Piravi () is a 1989 Indian Malayalam-language drama film directed by Shaji N. Karun. It stars Premji, Archana and Lakshmi Krishnamurthy. The film is based on the life of professor T. V. Eachara Warrier, whose son, a student in Regional Engineering College, Calicut, was killed in police custody during the National Emergency Period of 1976. The film's music was composed by G. Aravindan and Mohan Sithara. Piravi received widespread critical acclaim upon release.

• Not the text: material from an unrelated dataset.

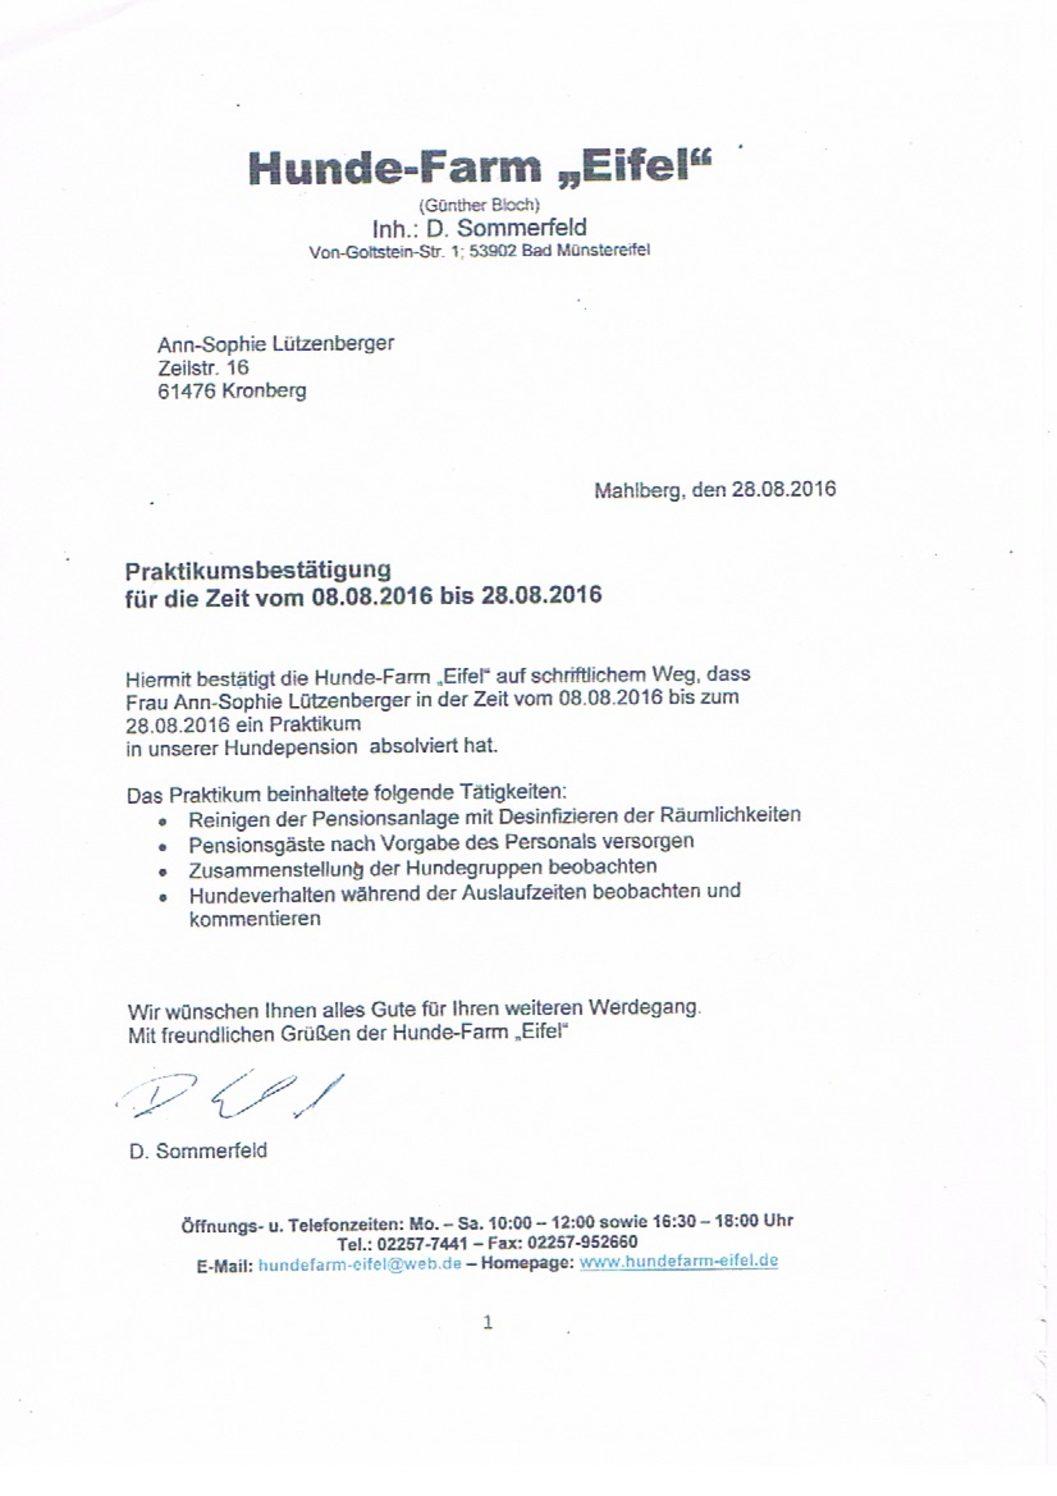 Praktikum Hundefarm Eifel August 2016 Ann-Sophie Lützenberger 2

The film was screened and very well received at many film festivals and won at least 31 awards, including the Caméra d'Or — Mention Spéciale at the 1989 Cannes Film Festival. It also won the National Film Award for Best Feature Film at the Indian National Film Awards in 1989.

Plot

Raghu is one of two children born to Raghava Chakyar (Premji) and his wife. Born quite late in his parents' marriage, Raghu is brought up with immense devotion and love until adulthood.

Now studying in an engineering college far from home, Raghu must return home for the engagement ceremony of his sister (Archana), but fails to turn up. His father Raghavan waits endlessly for his son to return. Raghavan takes daily trips to the local bus stop, waiting all day in the hope that Raghu will eventually come home. Soon it emerges, and the family come to know through newspapers, that Raghu has been taken into custody by the police for political reasons.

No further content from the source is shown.